ГУСЕЙНОВ: Да. Хотя понятно, что нанотехнологии реально существуют и реально есть какие-то достижения, наверное, где-то. Но этот эпизод, со мной же случилась эта история с нанотехнологическими фенечками. Это было очень смешно.
МЕДВЕДЕВ: Это как? Расскажите.
ГУСЕЙНОВ: На рынке Измайловском на листе брезента лежали карточки картонные. На карточках было написано: «Продаются невидимые нанотехнологические энергетические фенечки». Ничего нет. 10 рублей, 20 рублей, 30 рублей. Если купишь десять штук – за 80 рублей. И я у него спрашиваю, я говорю: «А какие вы посоветуете?» Он говорит: «Знаешь, бери по 10, они лучше всего». Я ему действительно заплатил 80 рублей. Мне просто сама эта процедура очень понравилась. Я говорю: «А как их?» Он говорит: «Вот ты купишь, тебе на всю жизнь хватит, и можешь делиться с друзьями».
Такая, с одной стороны, просто форма нищенства, потому что – ну, стоял с босыми ногами такой малый, очень симпатичный. Получил эти 80 рублей, отсыпал мне в карман это невидимое энергетическое. Потом я смотрю, к нему подходят парень с девушкой, тоже прицениваются, смотрят на эти карточки. Вот это нанотехнологии.
МЕДВЕДЕВ: Это же гениальная история про «Сколково».
ГУСЕЙНОВ: Да, гениальная совершенно. Но только такое личное, маленькое микросколково. Потому что здесь гигантские затраты, и совершенно с таким непонятным результатом.
МЕДВЕДЕВ: Ну да, там хотя бы деньги он не пилил.
ГУСЕЙНОВ: А он ничего не пилил, он честно совершенно объявлял людям, что они приобретают нечто невидимое, но своей добродушной физиономией вселял хотя бы на эти пять минут какую-то радость, и у меня до сих пор воспоминания (прошло как раз где-то десять лет) самые приятные об этом молодом человеке. Я считаю, что это действительно успех нанотехнологий, потому что он показал мне, что это такое, и с языком показал, потому что слово «энергетически» тоже...
МЕДВЕДЕВ: «Энергетика» – очень важное слово десятилетия, да.
ГУСЕЙНОВ: «Энергетика» – да, очень важное.
МЕДВЕДЕВ: «У него энергетика мощная».
ГУСЕЙНОВ: Мощная, да.

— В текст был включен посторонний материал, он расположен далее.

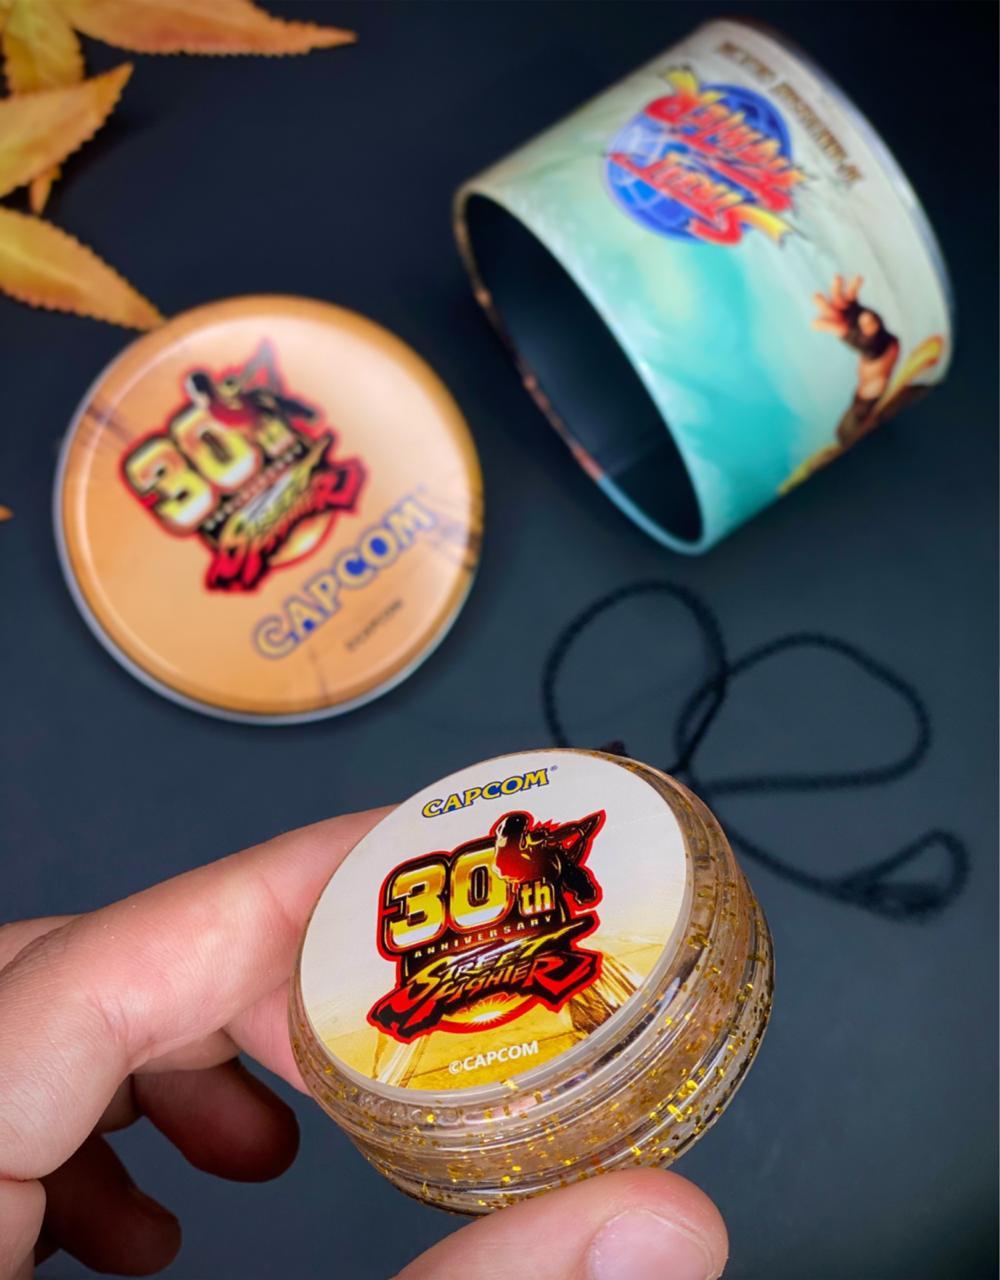 Ioiô Luxo Profissional Street Fighter 30th - Capcom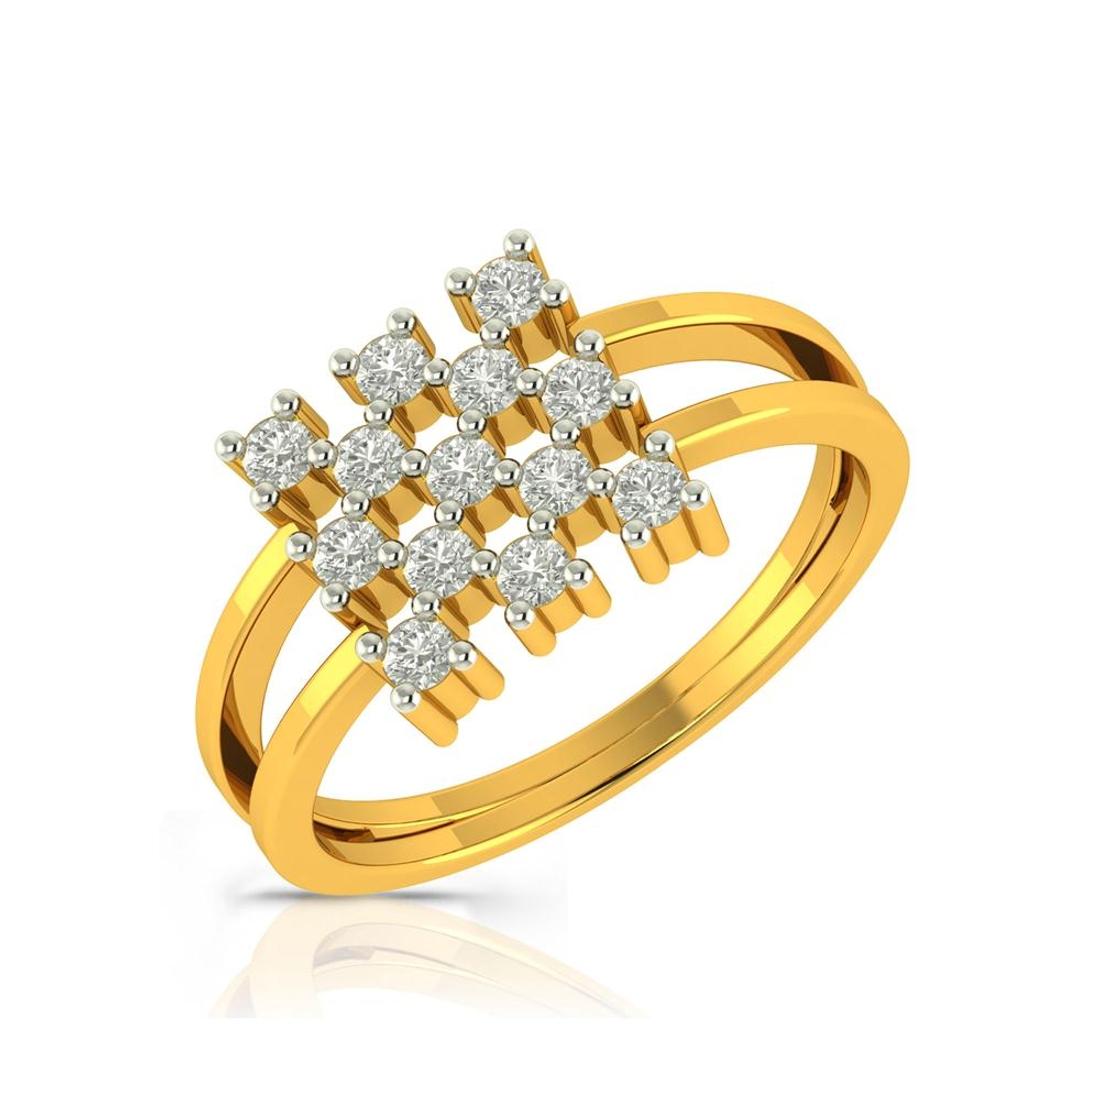 Buy Charu Jewels Diamond Ladies Ring CJLR0233 Online in India

Что это такое, никто не знает.
МЕДВЕДЕВ: Кстати да, я у вас прочел, когда в Ванкувер олимпийцев отправляли с патриархом.
ГУСЕЙНОВ: Да. Это вот эти старые...
МЕДВЕДЕВ: Как там было, напомните, с этим Ванкувером.
ГУСЕЙНОВ: Нет, что колдуны, что их всех собрали, как-то нацелили.
МЕДВЕДЕВ: Да нет, это с патриархом же они, по-моему, с Кириллом.
ГУСЕЙНОВ: Да-да-да. Он им говорил что-то такое, как-то их... Но потом в Ванкувере как-то получилось неудачно, потому что я уже не помню, какой там повод был...
МЕДВЕДЕВ: Нет, просто один из олимпийцев сказал, что: «Не помню, что говорил, но энергетика у него мощная».
ГУСЕЙНОВ: Да-да-да, вот эта была цитата.
МЕДВЕДЕВ: У патриарха: «Энергетика у него мощная».
ГУСЕЙНОВ: Да-да-да: «Энергетика мощная», – это точно. Это такое соединение, это тоже ведь позднее советское время, когда вдруг все стали заниматься аурой, чакрами, и была замечательная такая частушка: «Как над нашим над селом аура зеленая. Карма ехать в гастроном, покупать крепленое». Да, такого рода вещи – они, конечно, в каком-то смысле в эти нулевые годы доставляют... Или, как сейчас говорят, просто «доставляют». А что доставляют, уже...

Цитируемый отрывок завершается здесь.